RECORDED INFORMATION:
===

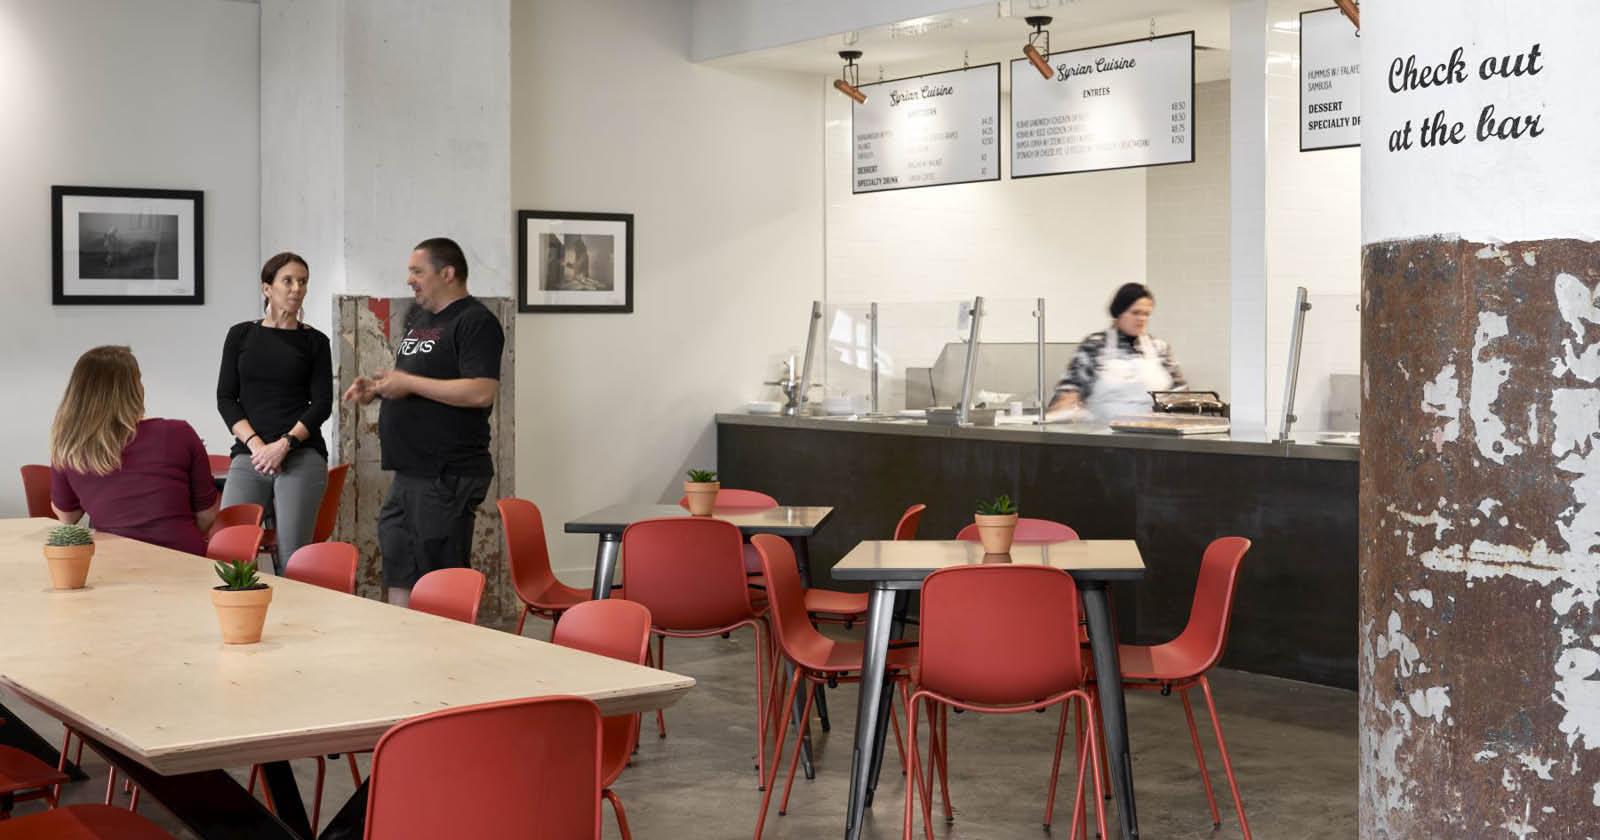 Global Café, Memphis, TN
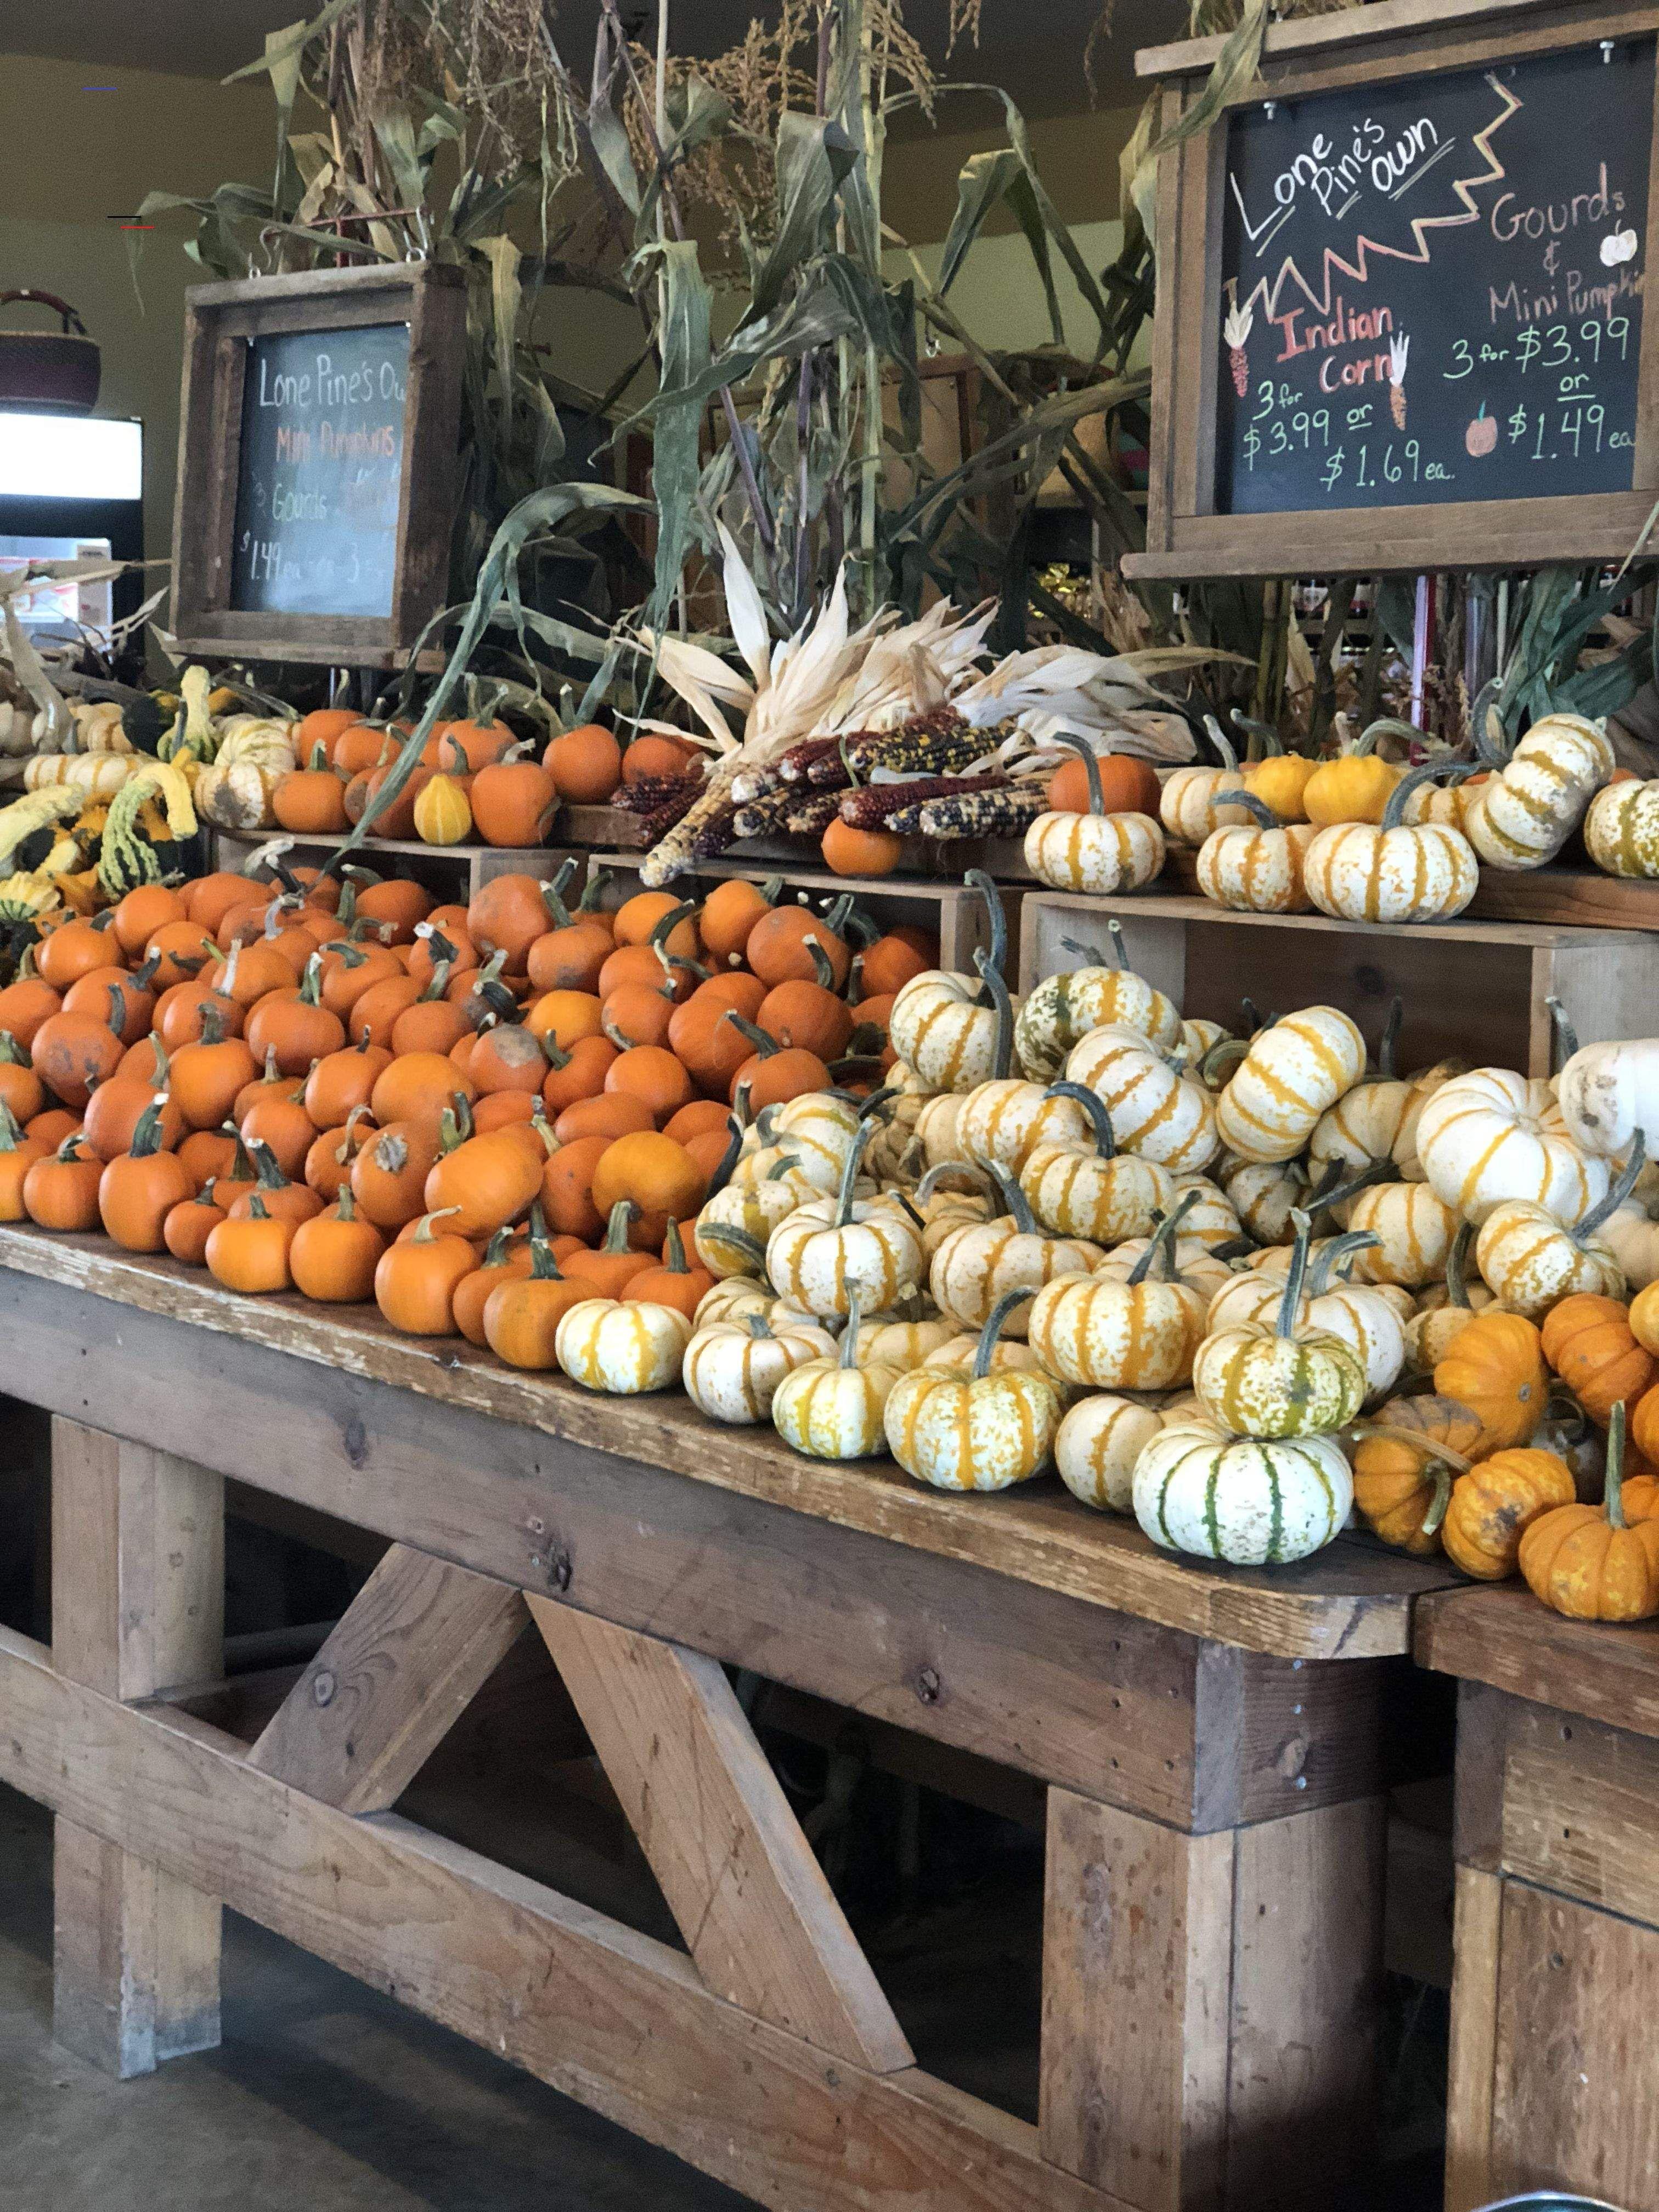 Pumpkin patch pumpkinpatch in 2020 Pumpkin patch farm
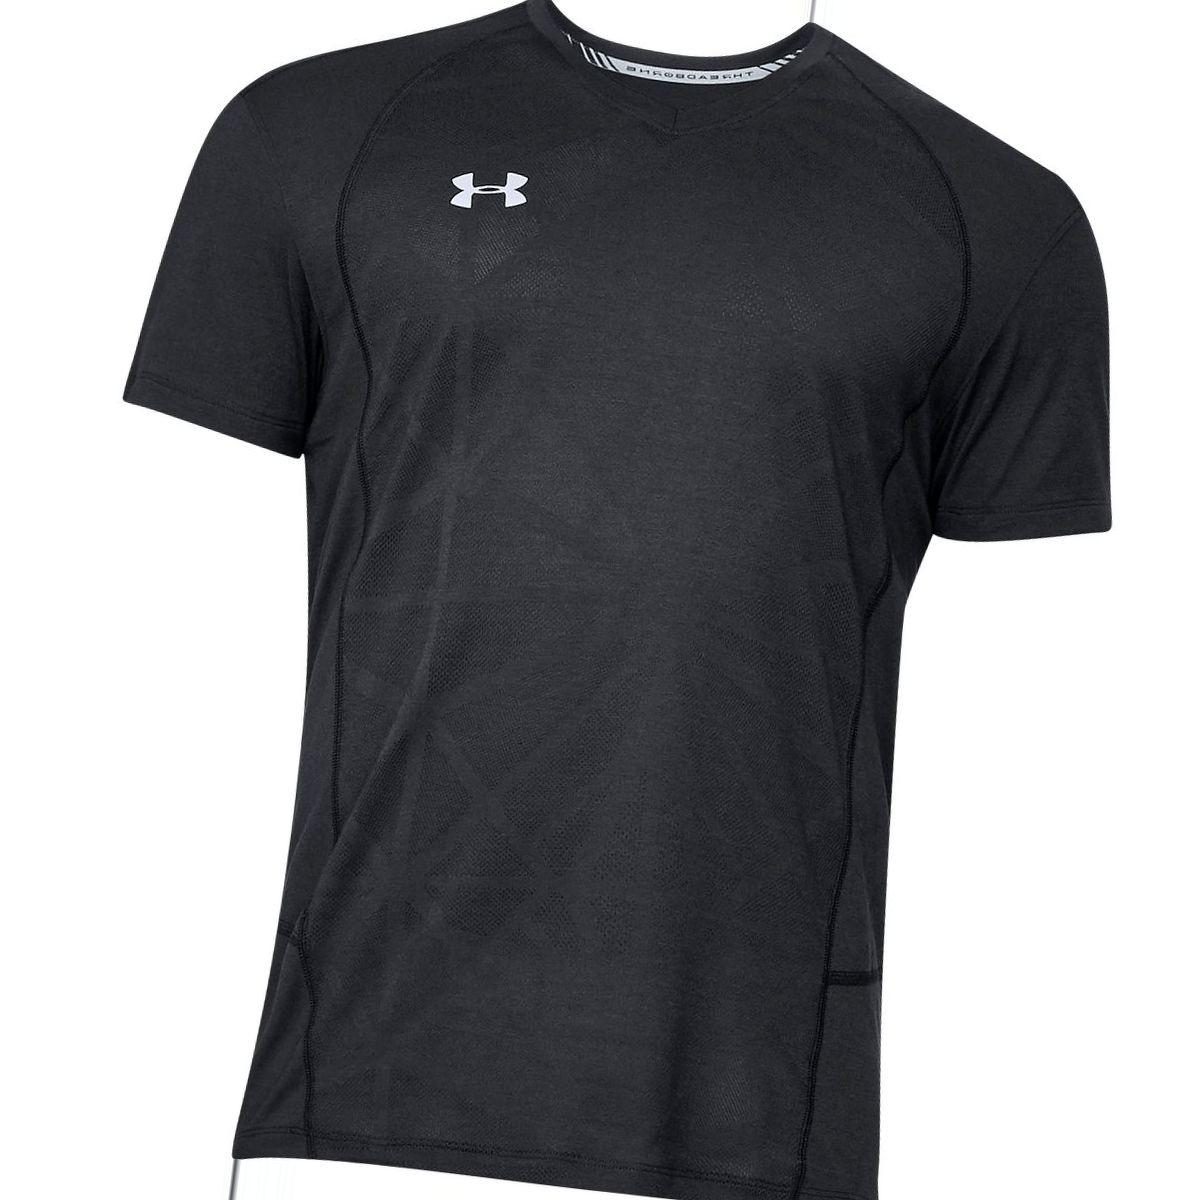 Under Armour Swyft V-Neck Shirt - Men's

===

YOUR INSTRUCTIONS: Please set down each line of the listing above word for word, skipping any pictures.

SOLUTION BELOW:
 Global Café, Memphis, TN
 Pumpkin patch pumpkinpatch in 2020 Pumpkin patch farm
 Under Armour Swyft V-Neck Shirt - Men's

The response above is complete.